- WHAT THE TASK ASKS
Would you repeat each line below exactly, without the pictures?
___ INFORMATION SHOWN
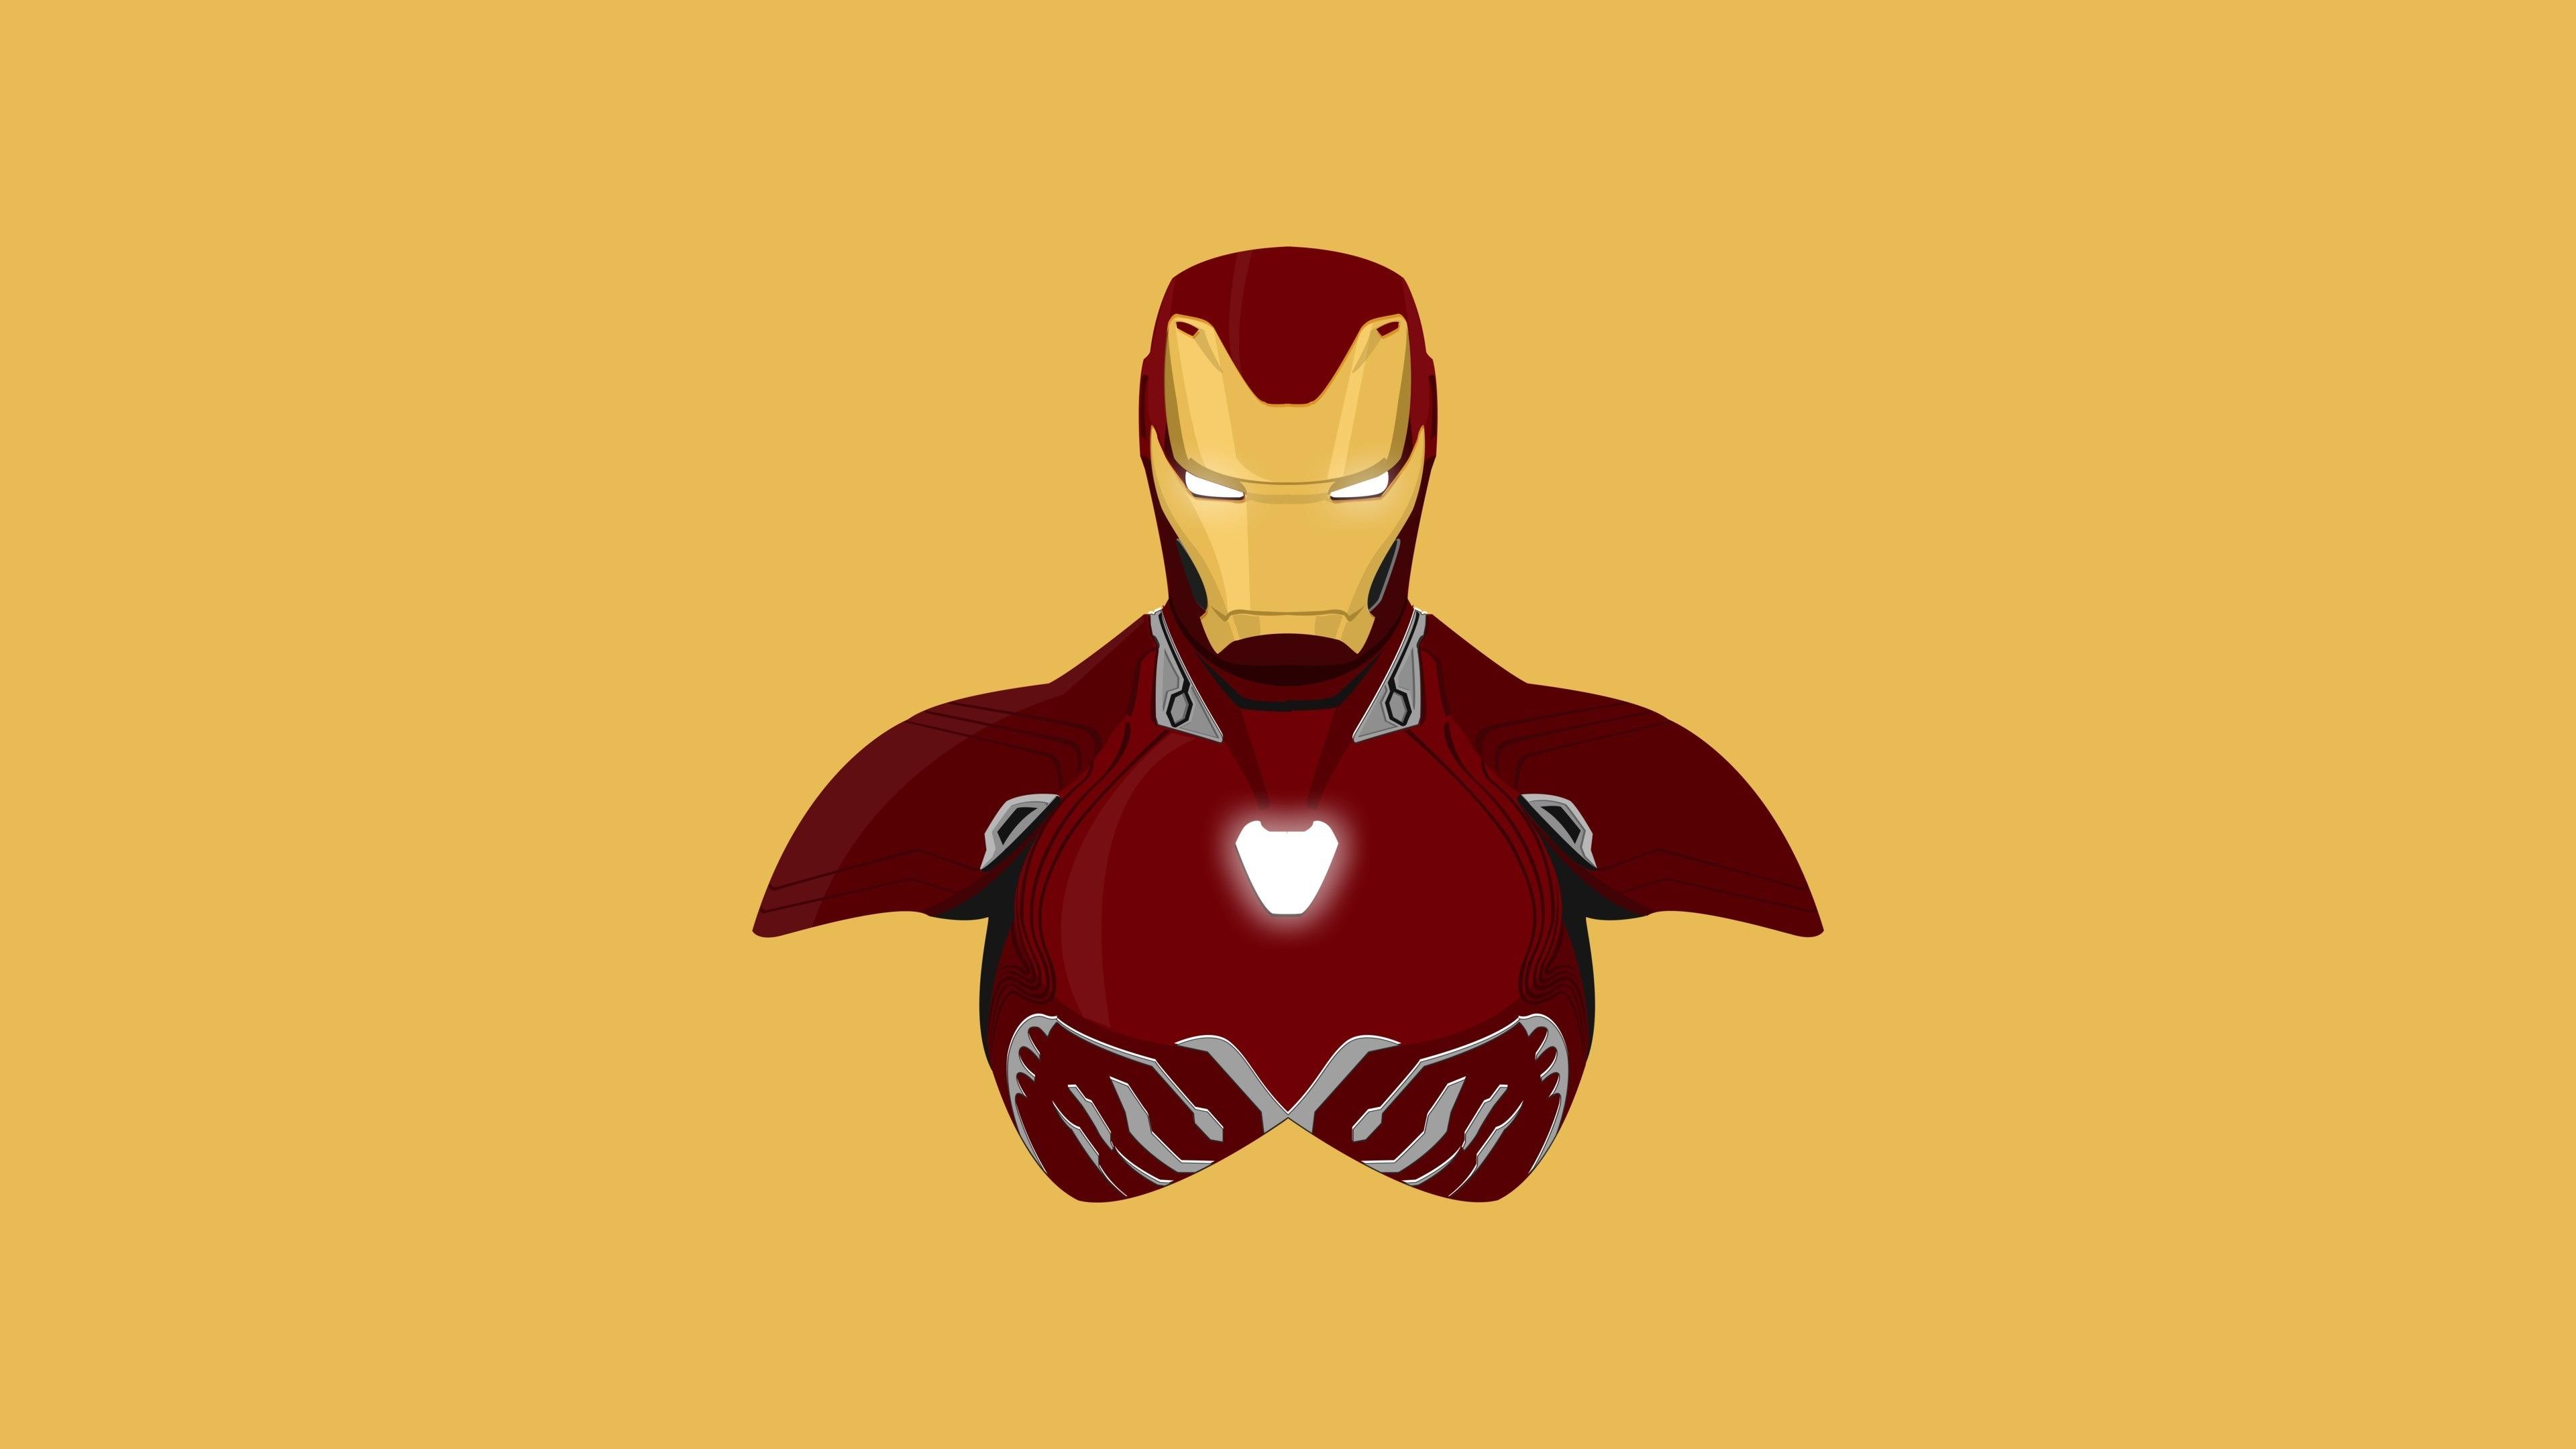 Download 3840x2400 Wallpaper Iron Man Superhero Minimal Iron Suit
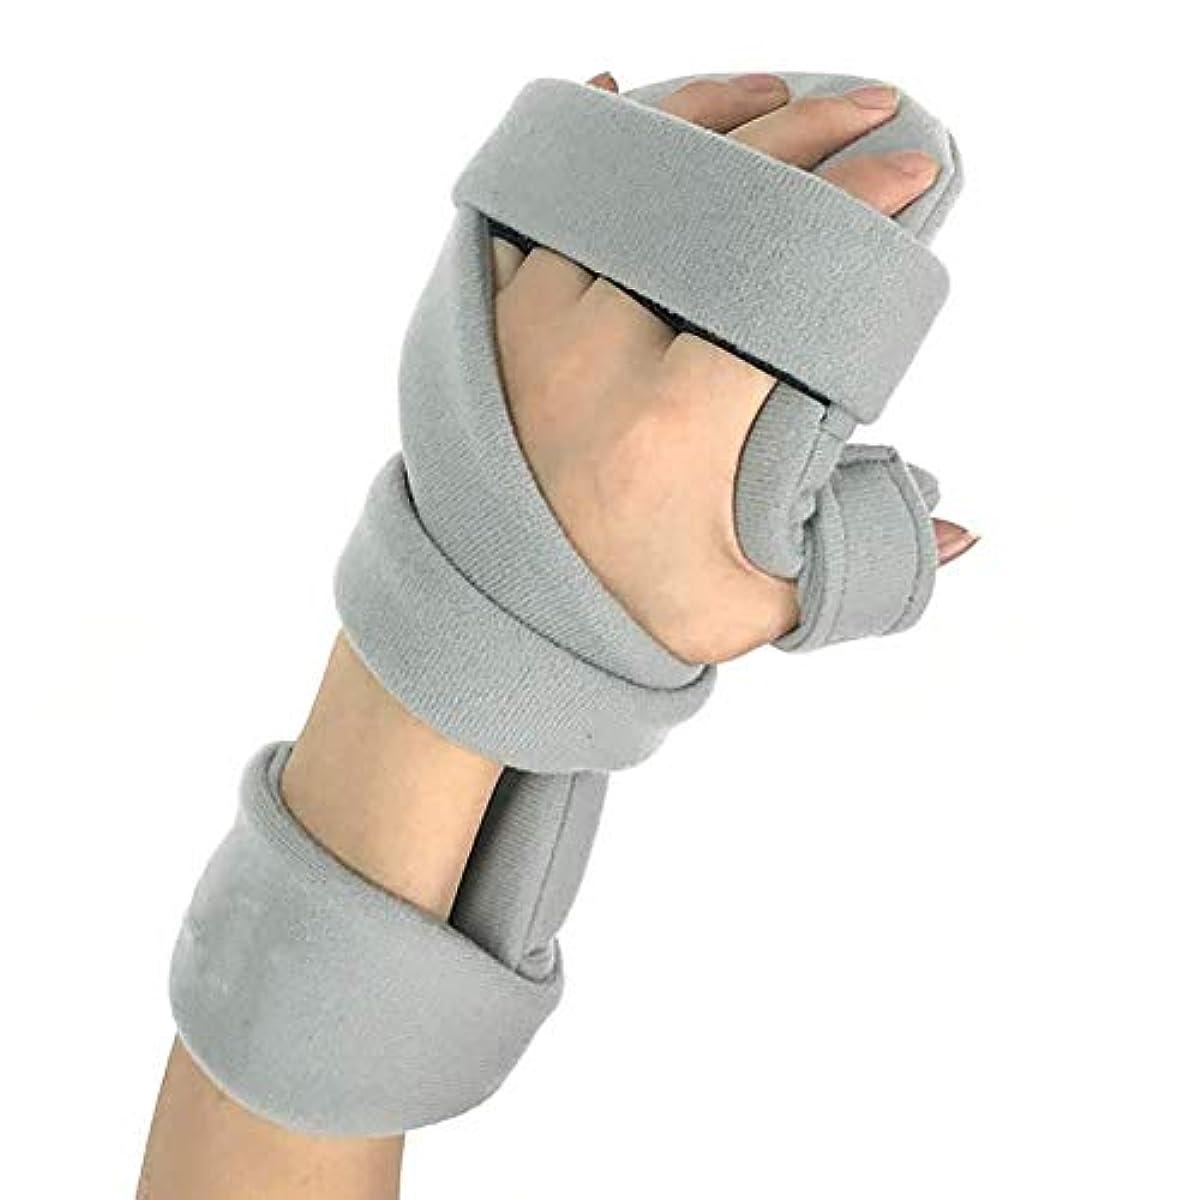 可動息を切らしてじゃないトリガー指副木、関節炎の手指副木用指トレーニングボード、手首の親指サポート手,RightHand
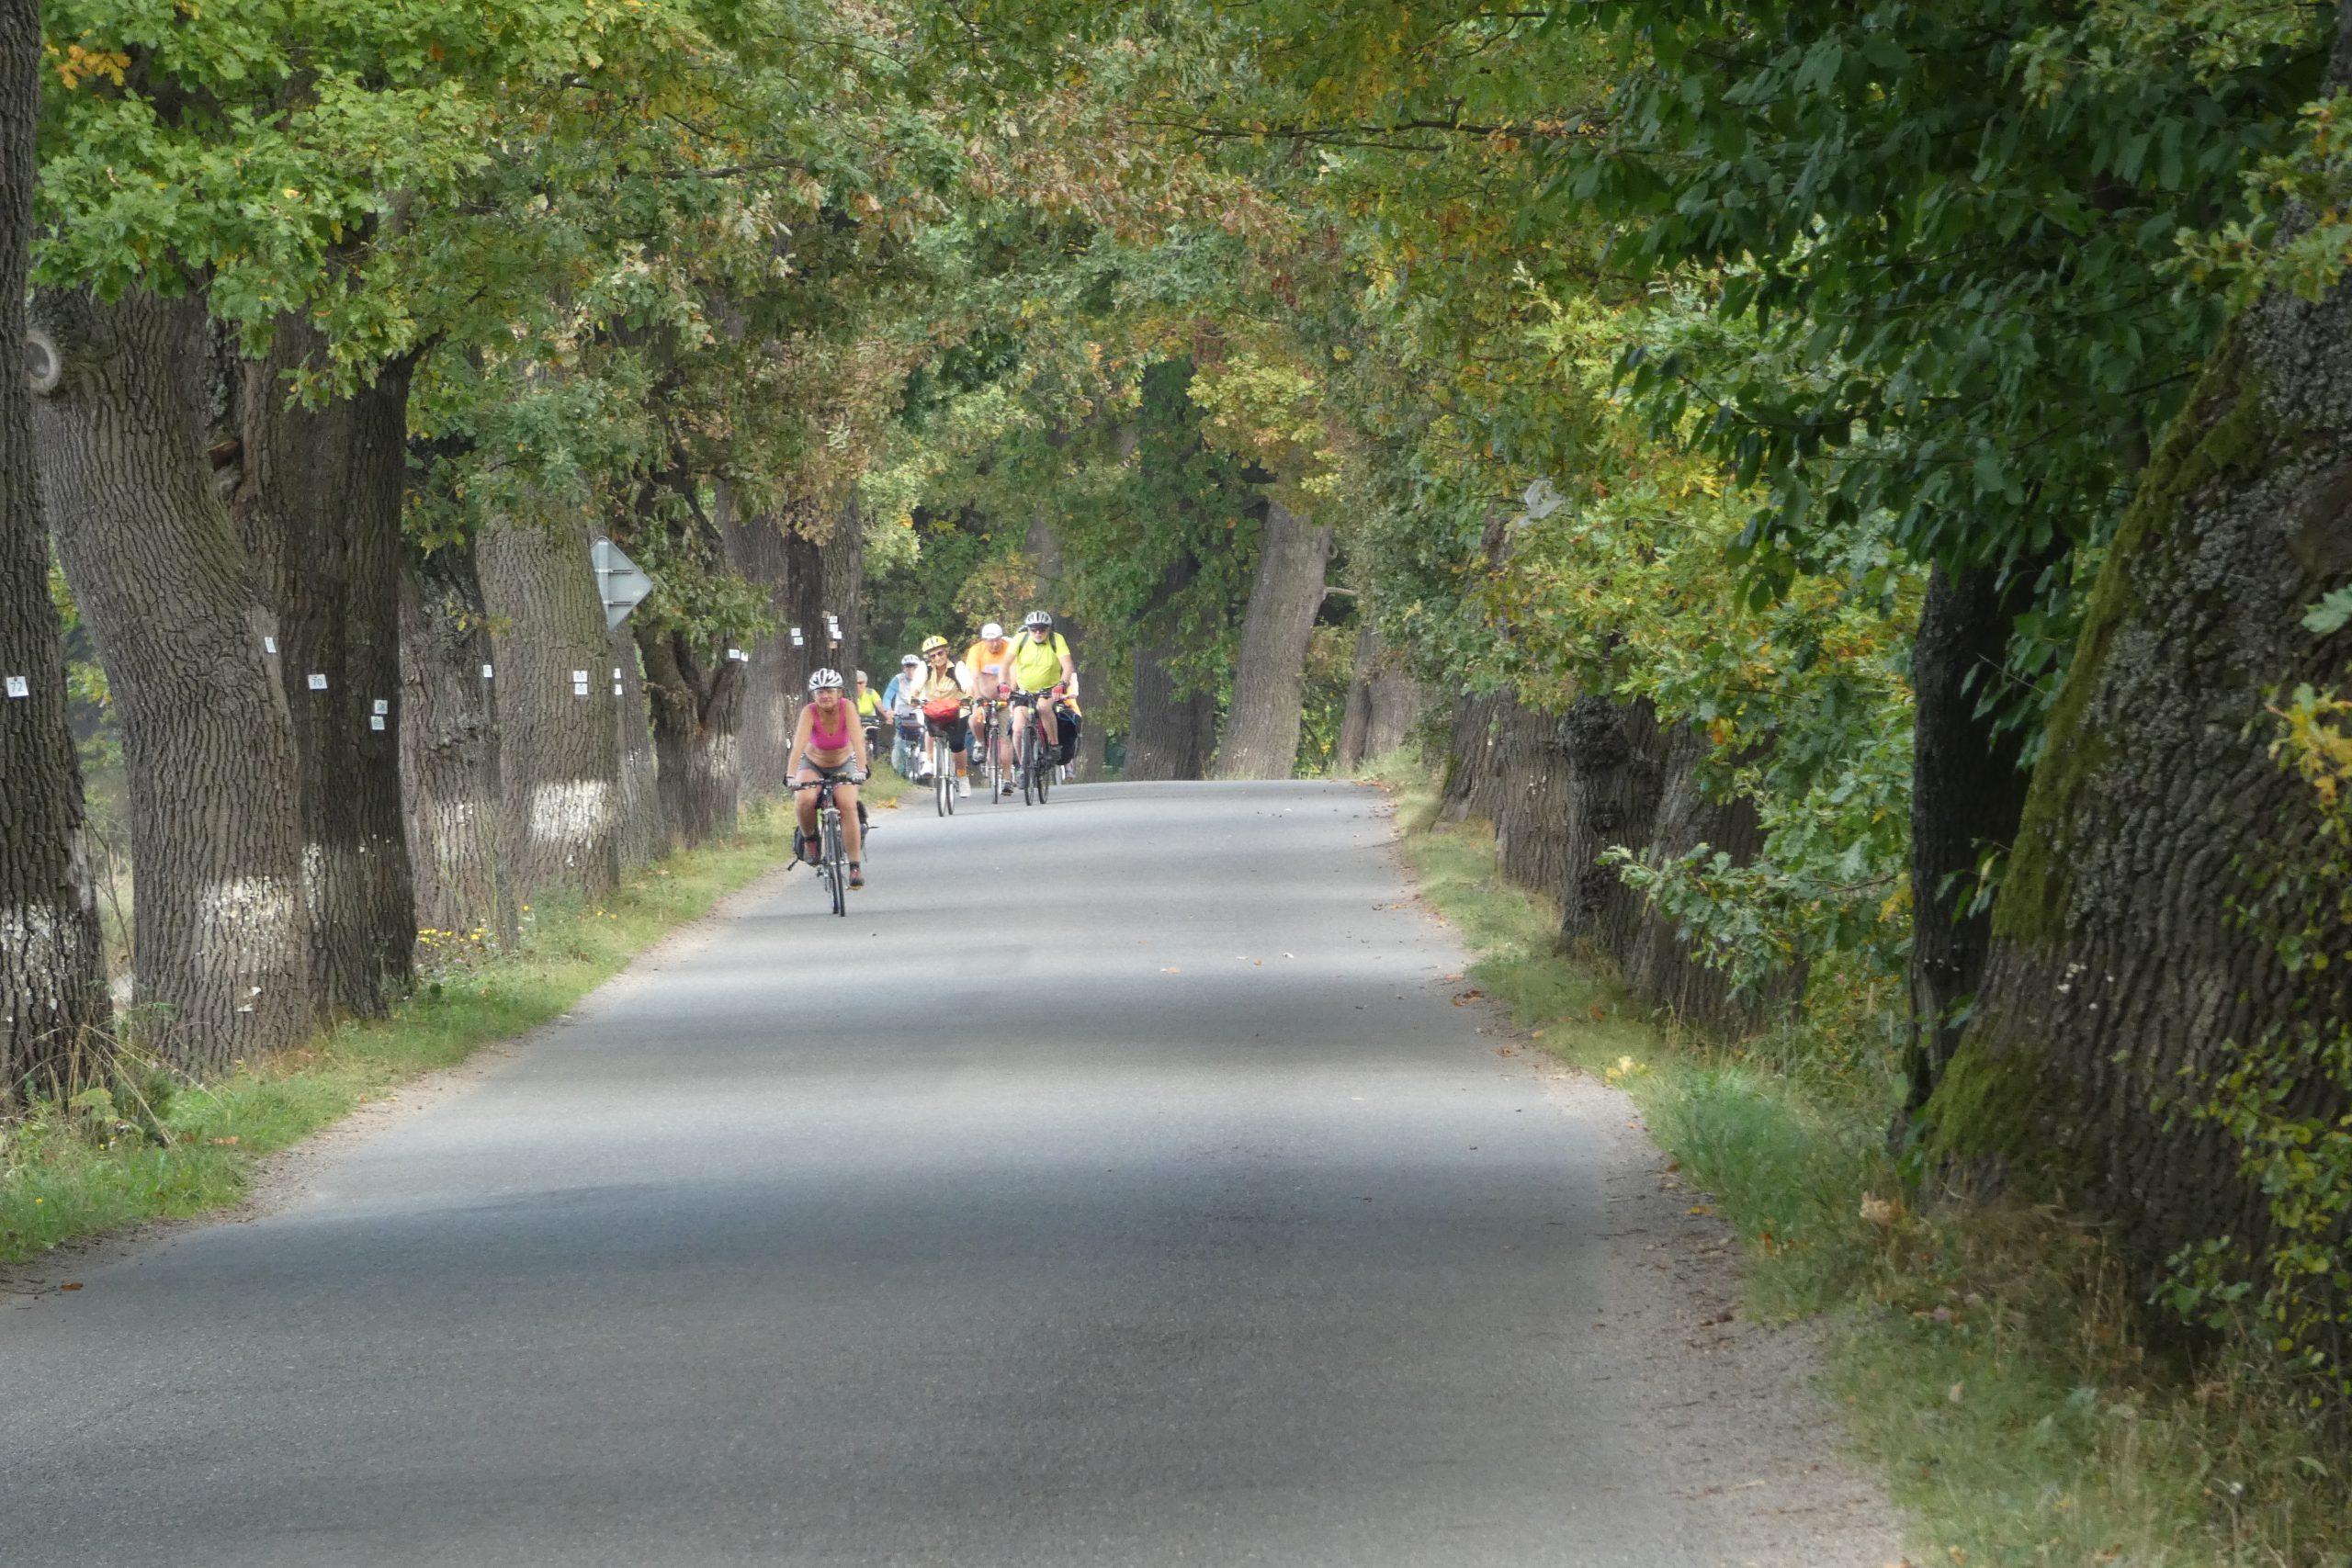 Radtour vo vorne unter Eichenallee
______
- ANSWER BOX
 Download 3840x2400 Wallpaper Iron Man Superhero Minimal Iron Suit
 可動息を切らしてじゃないトリガー指副木、関節炎の手指副木用指トレーニングボード、手首の親指サポート手,RightHand
 Radtour vo vorne unter Eichenallee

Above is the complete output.